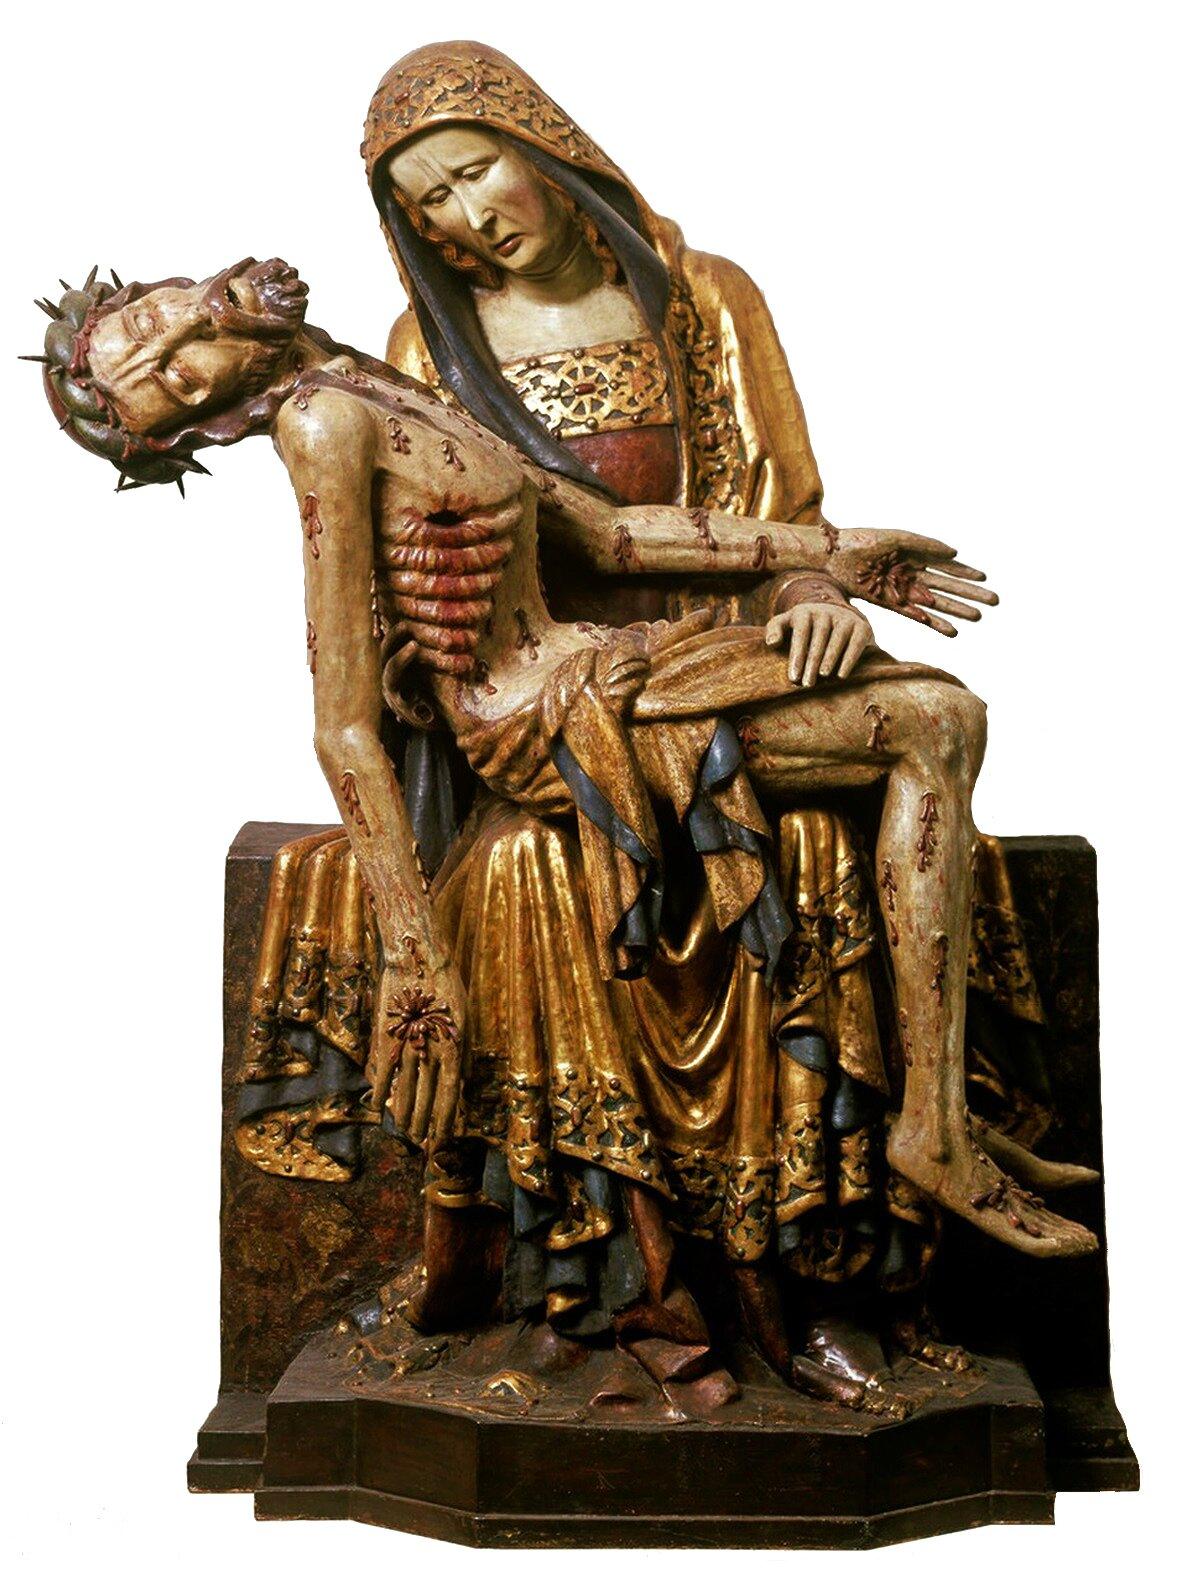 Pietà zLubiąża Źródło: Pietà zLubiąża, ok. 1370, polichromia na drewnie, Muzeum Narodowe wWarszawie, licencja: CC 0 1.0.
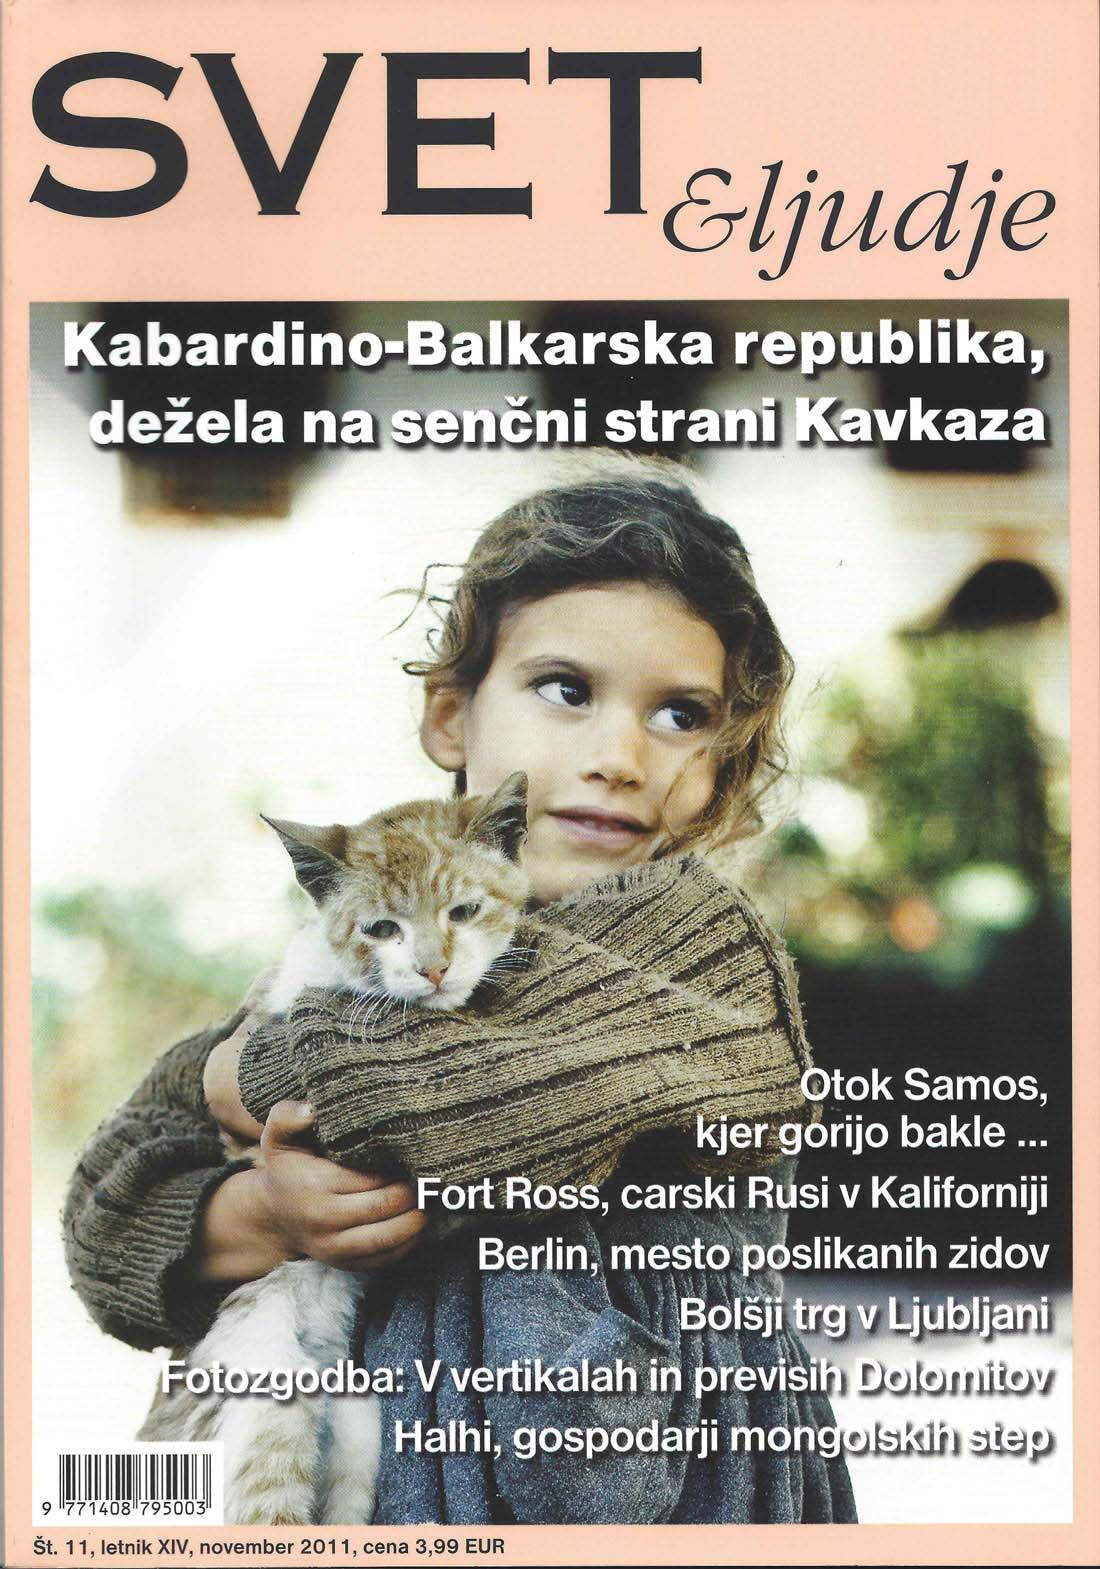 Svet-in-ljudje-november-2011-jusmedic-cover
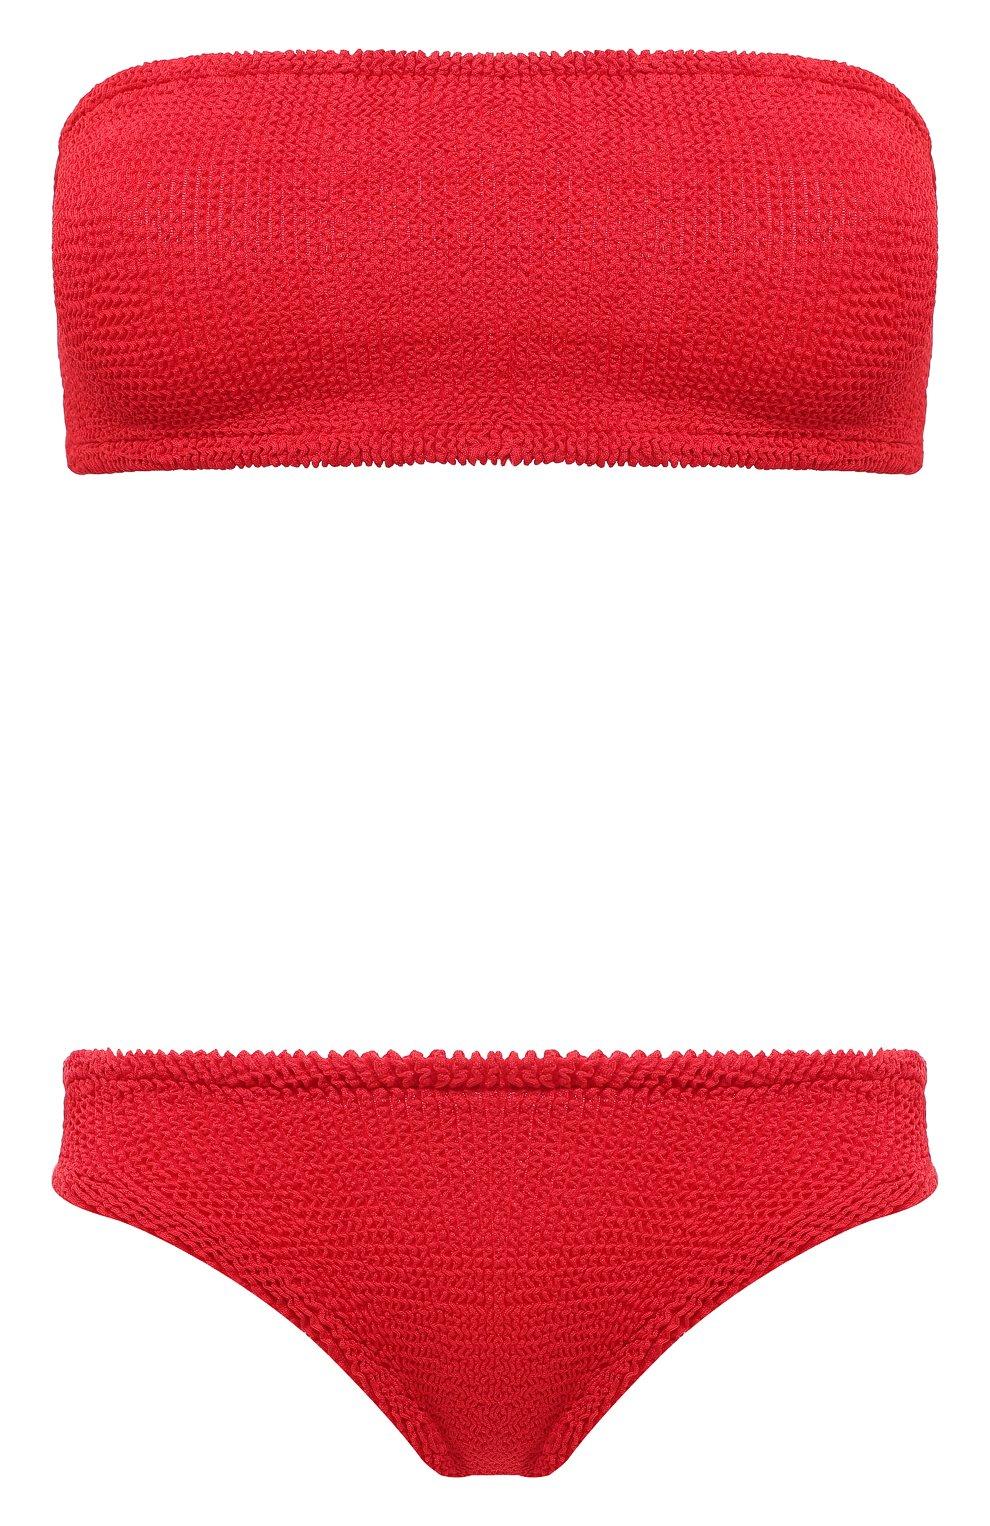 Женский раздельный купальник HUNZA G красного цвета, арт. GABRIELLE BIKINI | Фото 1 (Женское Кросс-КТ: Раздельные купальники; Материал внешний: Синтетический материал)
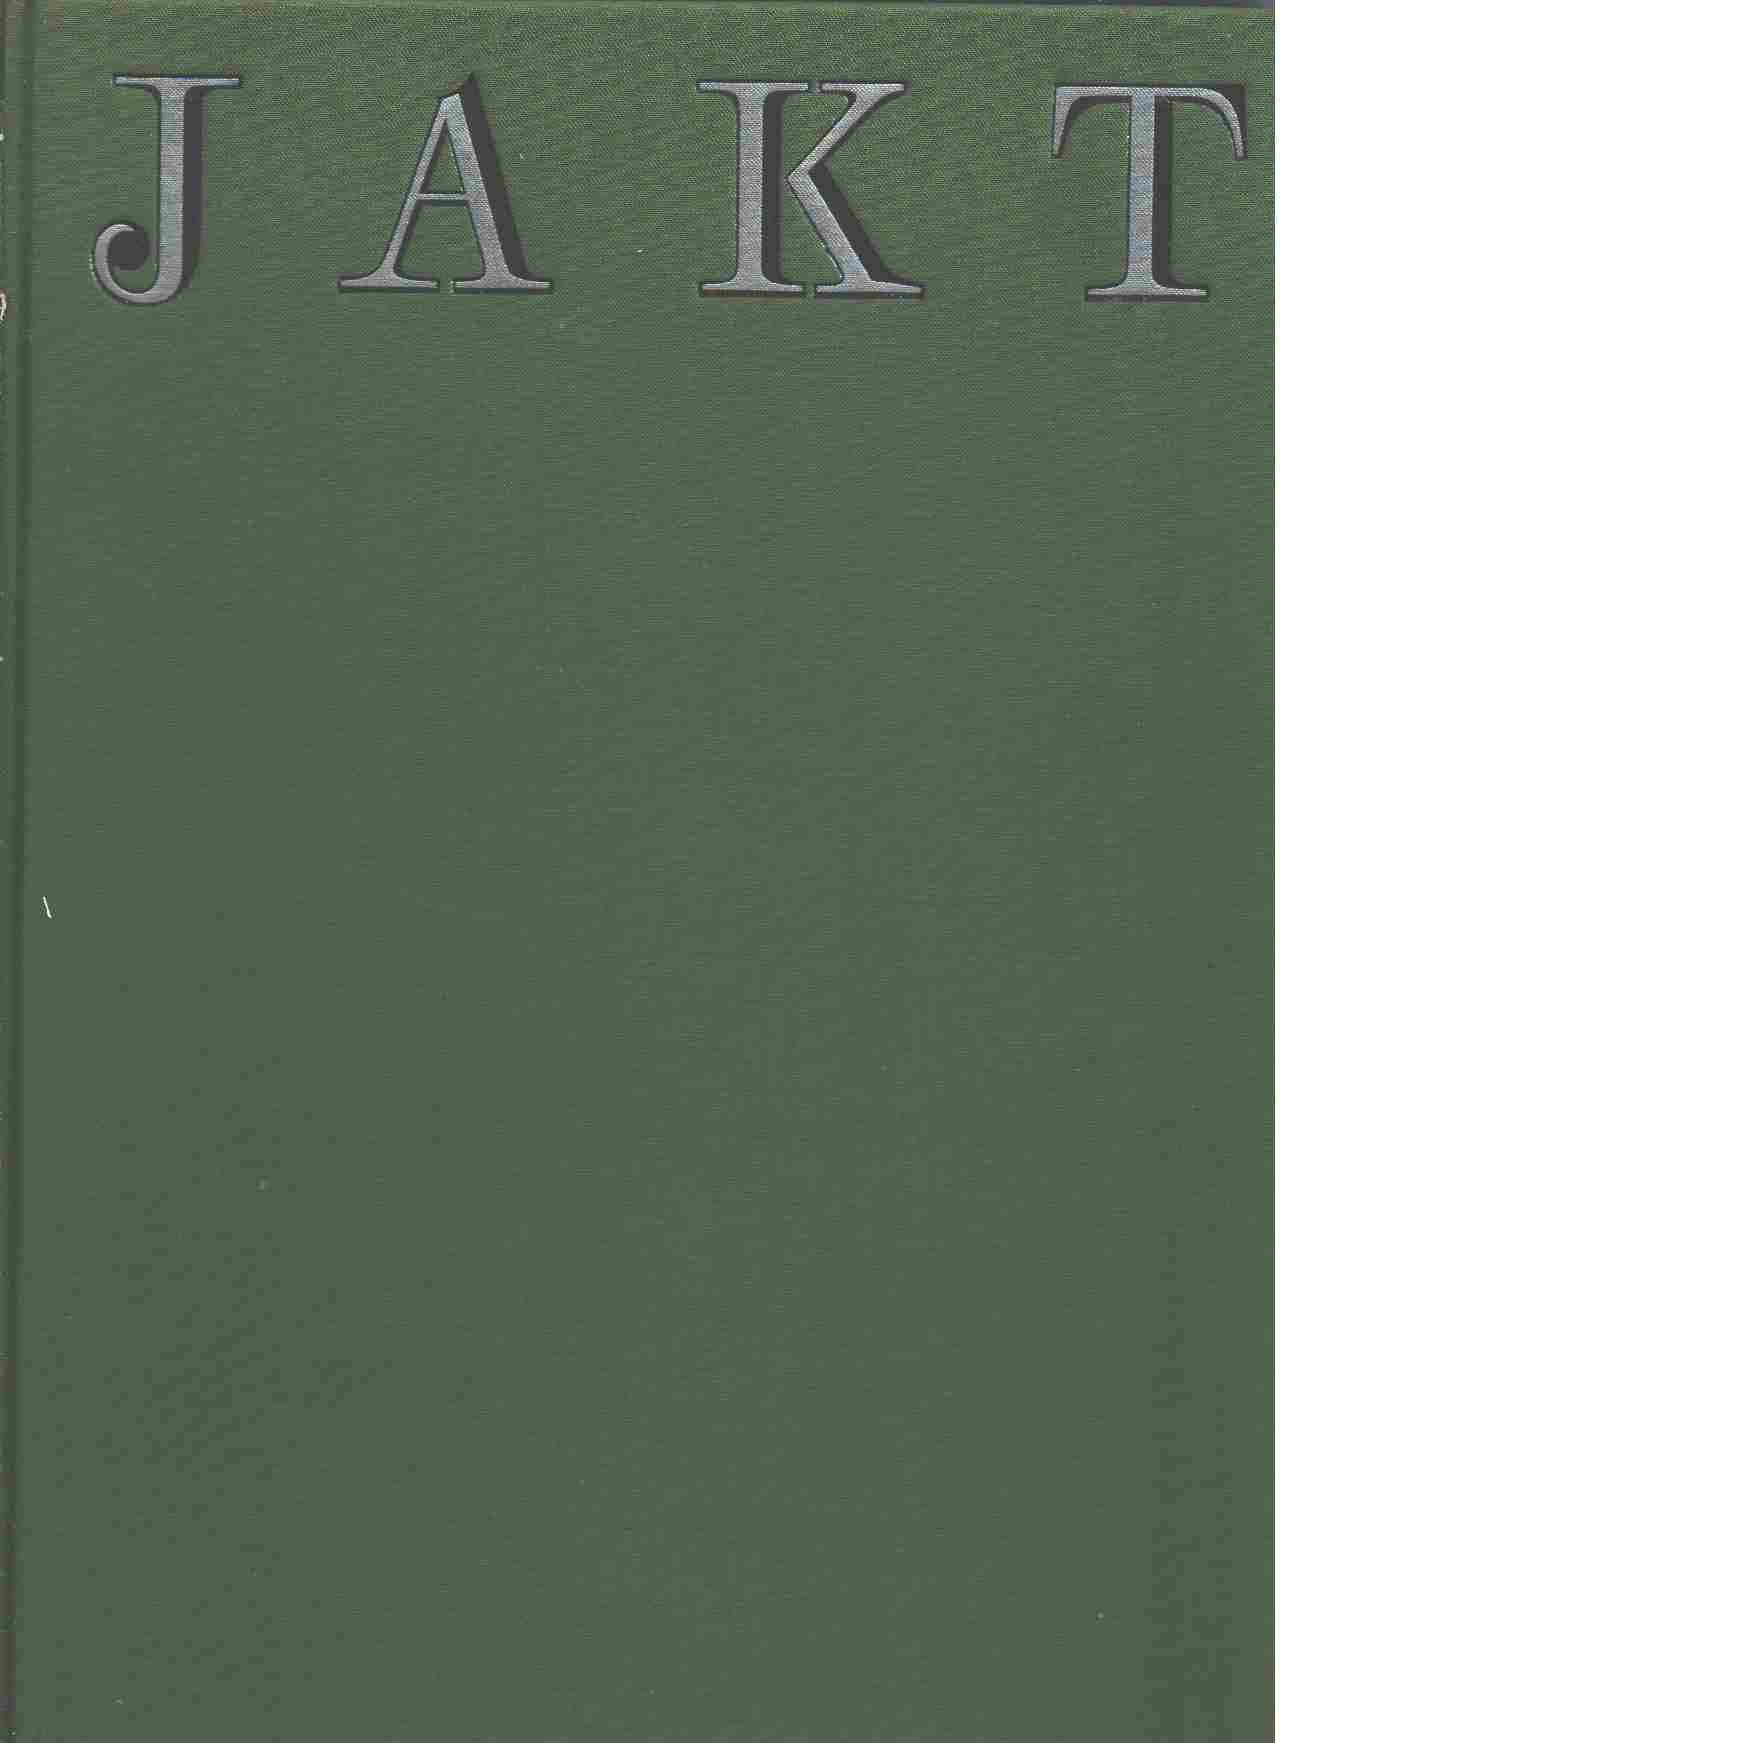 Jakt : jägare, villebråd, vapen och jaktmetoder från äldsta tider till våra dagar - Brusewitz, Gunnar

#### TO DO
Set down exactly, line for line, the data from the line that contains "Женский раздельный купальник" through its last line, keeping pictures out.

#### EXPECTED OUTPUT
 Женский раздельный купальник HUNZA G красного цвета, арт. GABRIELLE BIKINI | Фото 1 (Женское Кросс-КТ: Раздельные купальники; Материал внешний: Синтетический материал)
 Jakt : jägare, villebråd, vapen och jaktmetoder från äldsta tider till våra dagar - Brusewitz, Gunnar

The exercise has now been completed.